Instance Segmentation for Point Sets
Abhimanyu Talwar, Julien Laasri

TL;DR
This paper introduces sampling-based methods for 3D point set instance segmentation that reduce memory usage and improve speed by extrapolating labels from sub-sampled data, addressing limitations of existing neural network approaches.
Contribution
It proposes two novel sampling strategies to perform instance segmentation on point clouds, significantly reducing memory and computational requirements compared to previous methods.
Findings
Random sampling approach improves speed and memory efficiency.
Both sampling methods perform equally well on large sub-samples.

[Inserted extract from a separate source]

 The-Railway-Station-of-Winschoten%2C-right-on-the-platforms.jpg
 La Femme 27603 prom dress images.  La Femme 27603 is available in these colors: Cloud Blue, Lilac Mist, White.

The approach enables scalable instance segmentation for large point sets.
Abstract
Recently proposed neural network architectures like PointNet [QSMG16] and PointNet++ [QYSG17] have made it possible to apply Deep Learning to 3D point sets. The feature representations of shapes learned by these two networks enabled training classifiers for Semantic Segmentation, and more recently for Instance Segmentation via the Similarity Group Proposal Network (SGPN) [WYHN17]. One area of improvement which has been highlighted by SGPN's authors, pertains to use of memory intensive similarity matrices which occupy memory quadratic in the number of points. In this report, we attempt to tackle this issue through use of two sampling based methods, which compute Instance Segmentation on a sub-sampled Point Set, and then extrapolate labels to the complete set using the nearest neigbhour approach. While both approaches perform equally well on large sub-samples, the random-based strategy…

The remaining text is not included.